Swift first performed "White Horse" at the 2008 American Music Awards on November 23; she donned a white evening gown and sang the song sitting on a floral-patterned couch. She again performed the song at a pre-awards concert for nominees of the 51st Annual Grammy Awards, which was held on December 3, 2008, at the Nokia Theatre in Los Angeles. At the concert, she was the only artist who performed her own song in addition to covering a song that had been inducted into the Grammy Hall of Fame: she sang a portion of Brenda Lee's "I'm Sorry" (1960) before singing "White Horse". In the Los Angeles Times, Ann Powers deemed Swift's rendition of "White Horse" the concert's best performance: "In that moment, Swift had it all: tabloid heat and a firm hold on her brand, along with songcraft and the well-contained charisma of a career artist."

"White Horse" was part of the set lists for Swift's 2009 headline festival performances including Houston Livestock Show and Rodeo, the Florida Strawberry Festival, and Craven Country Jamboree. She also performed "White Horse" live at her Australian concert debut at the Tivoli in Brisbane on March 5, 2009, and on a November 2010 episode of Dancing with the Stars. Swift included "White Horse" in the set list of her first headlining concert tour, the Fearless Tour (2009–2010), where she performed the song by herself on an acoustic guitar. At the Los Angeles concert on May 22, 2009, she sang "White Horse" in a duet with the singer-songwriter John Mayer.

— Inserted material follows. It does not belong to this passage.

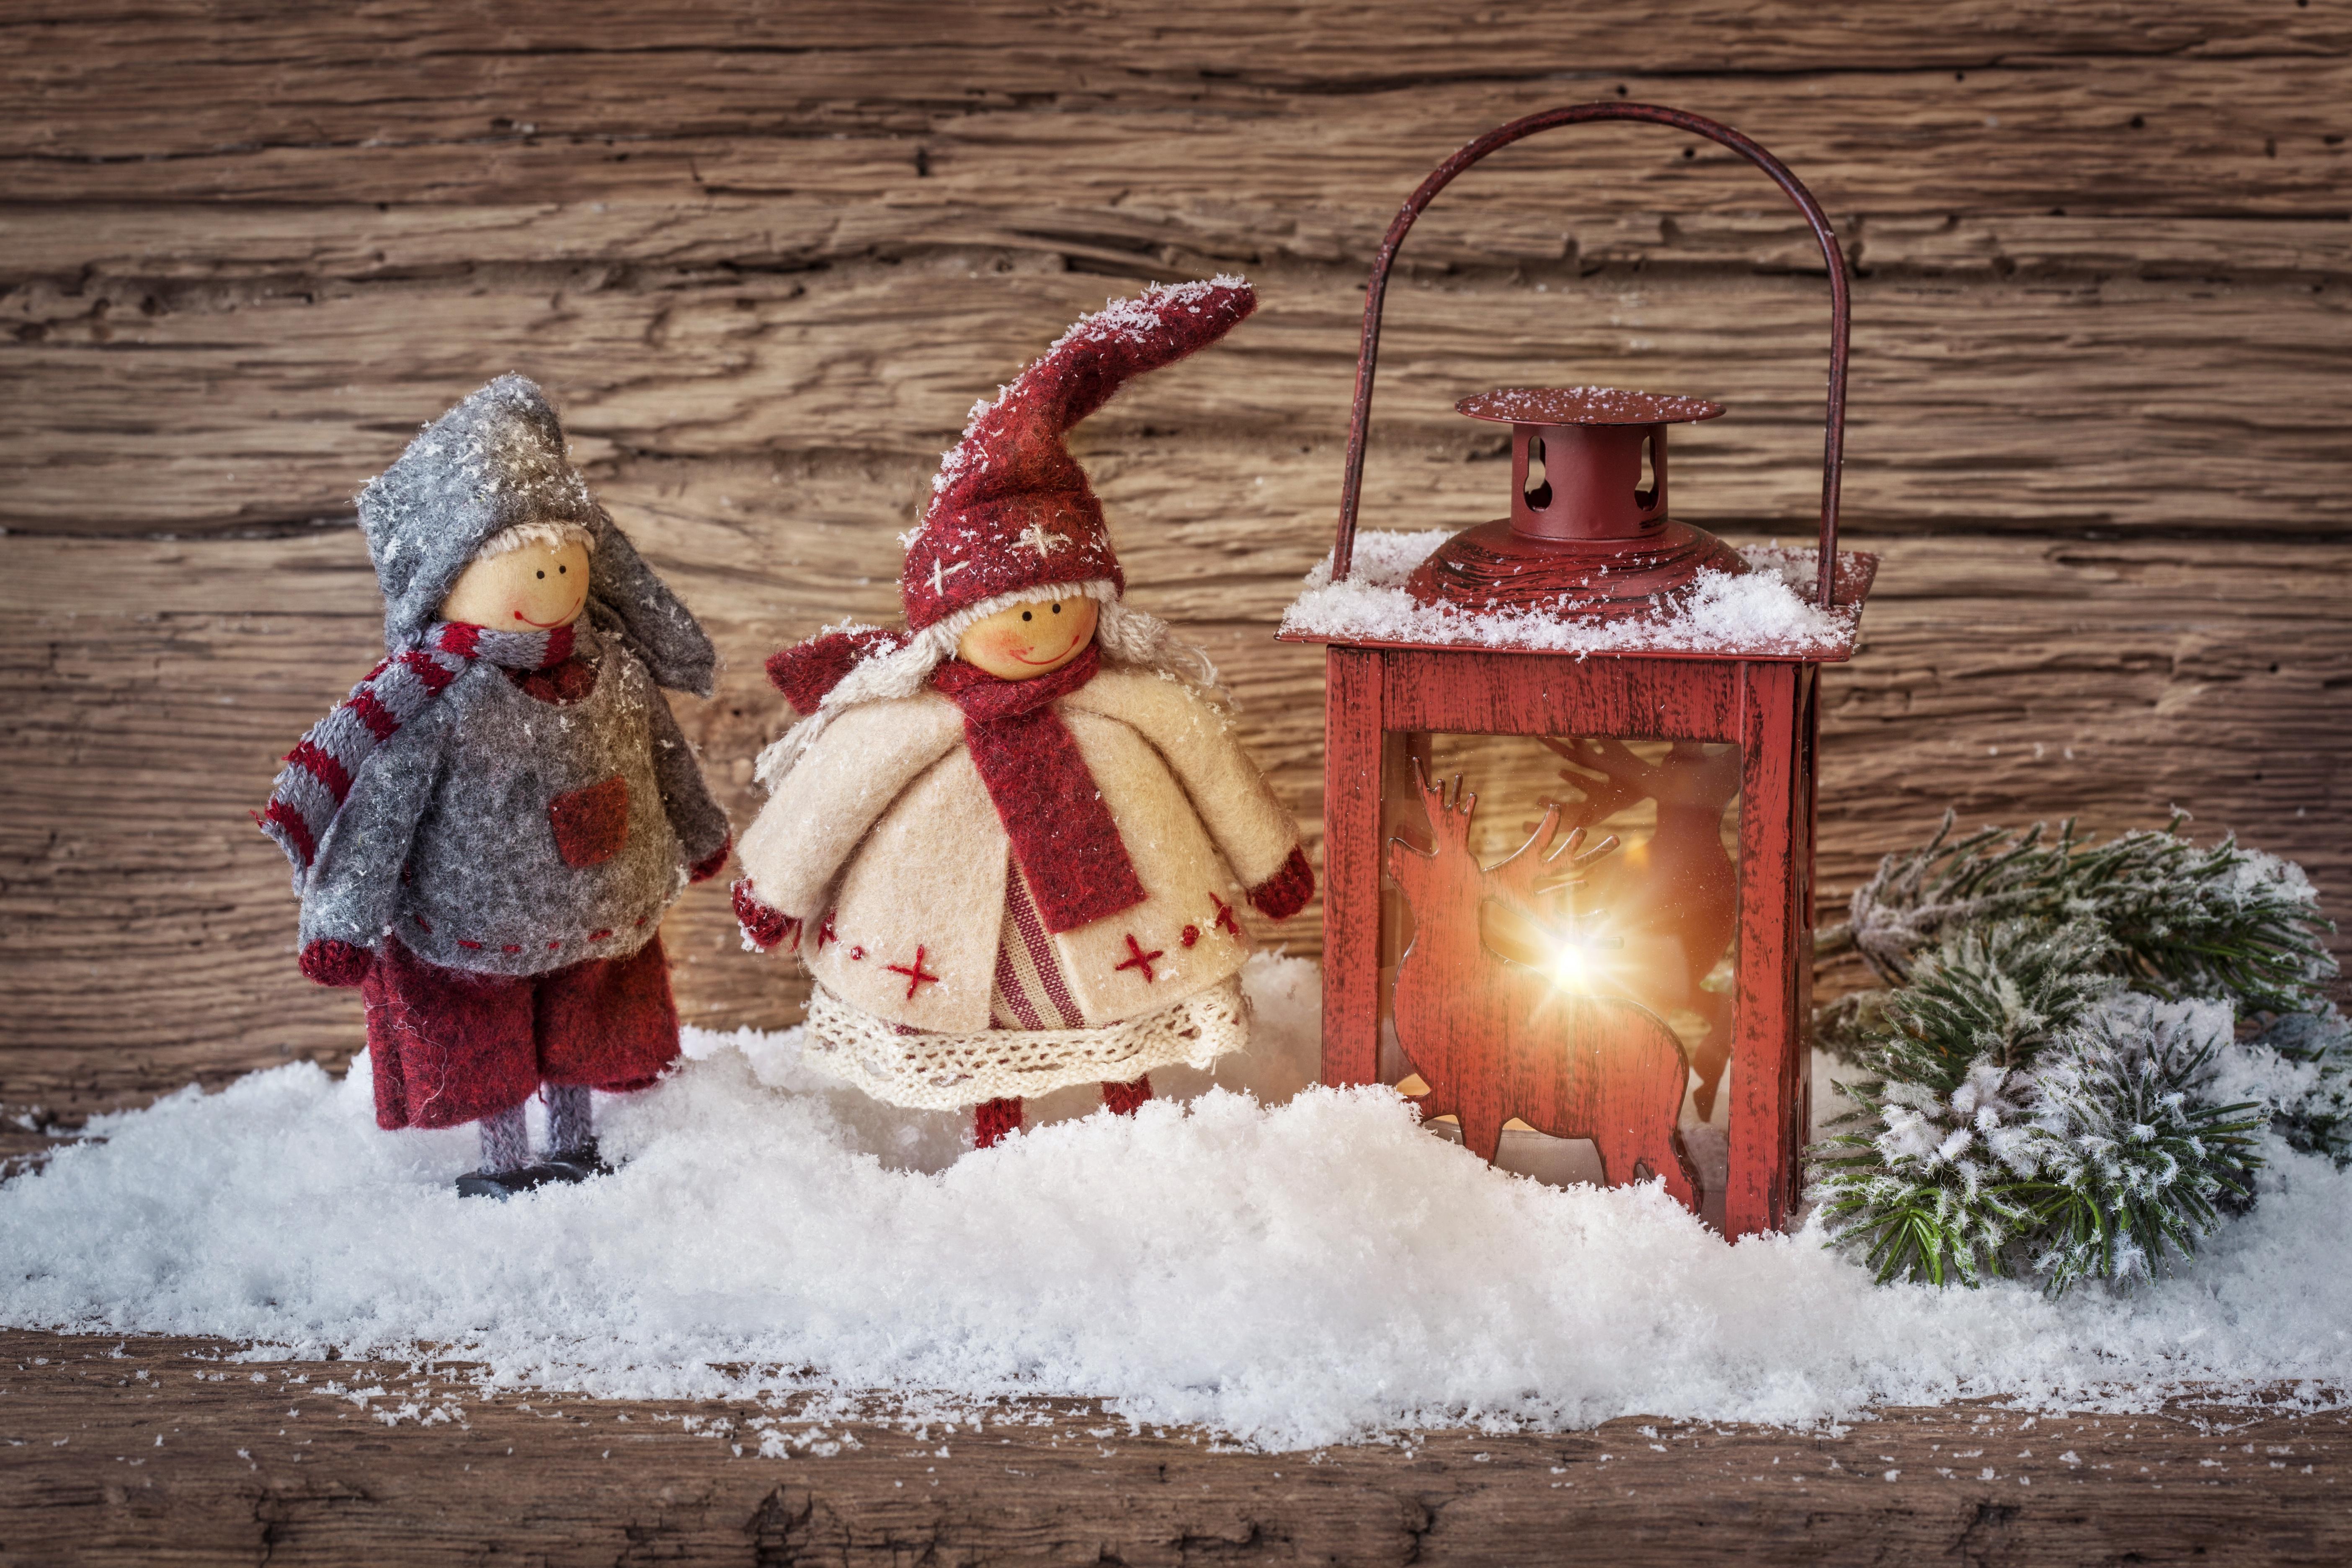 Lantern merry christmas toys snow new year new year ...

On her later tours, Swift performed the song as a surprise number not part of the regular setlist on select dates. She sang it at the Red Tour concert in Edmonton, June 2013, the 1989 World Tour concert in Los Angeles, August 2015, and the Reputation Stadium Tour concert in Arlington, October 2018. On the Eras Tour, Swift performed "White Horse" as a "surprise song" in Las Vegas, March 2023, and in Sydney (as a mashup with "Coney Island", with Sabrina Carpenter), February 2024.

==Personnel==
"White Horse" (2008)
- Chad Carlson – recording engineer
- Nathan Chapman – producer
- Taylor Swift – producer
- Steve Blackmon – assistant mixer
- Justin Niebank – mixer
"White Horse (Taylor's Version)" (2021)

- Christopher Rowe – vocals engineer, producer
- Taylor Swift – producer, lead vocals
- David Payne – recording engineer
- Derek Garten – additional engineer
- John Hanes – engineer
- Lowell Reynolds – assistant recording engineer, additional engineer
- Serban Ghenea – mixing
- Mike Meadows – acoustic guitar, background vocals
- Amos Heller – bass guitar
- Matt Billingslea – drums
- Paul Sidoti – piano
- Jonathan Yudkin – strings

==Charts==

=== Weekly charts ===

Weekly chart performance
| Chart (2008–2009) | Peak position |
|---|---|
| Australia (ARIA) | 41 |
| Canada Hot 100 (Billboard) | 43 |
| Canada Country (Billboard) | 5 |
| UK Singles (Official Charts) | 60 |
| US Billboard Hot 100 | 13 |
| US Hot Country Songs (Billboard) | 2 |
| US Pop 100 (Billboard) | 23 |

Weekly chart performance for "Taylor's Version"
| Chart (2021) | Peak position |
|---|---|
| Australia (ARIA) | 99 |
| Canada (Canadian Hot 100) | 72 |
| Global 200 (Billboard) | 111 |
| US Bubbling Under Hot 100 (Billboard) | 2 |
| US Hot Country Songs (Billboard) | 29 |

=== Year-end charts ===

Year-end chart performance
| Chart (2009) | Position |
|---|---|
| US Billboard Hot 100 | 76 |
| US Hot Country Songs (Billboard) | 27 |

==Certifications==

Certifications
| Region | Certification | Certified units/sales |
| Australia (ARIA) | Platinum | 70,000^{‡} |
| Australia (ARIA) "Taylor's Version" | Gold | 35,000^{‡} |
| Canada (Music Canada) | Gold | 40,000^{*} |
| United States (RIAA) | 2× Platinum | 2,000,000^{‡} |
^{*} Sales figures based on certification alone. ^{‡} Sales+streaming figures based on certification alone.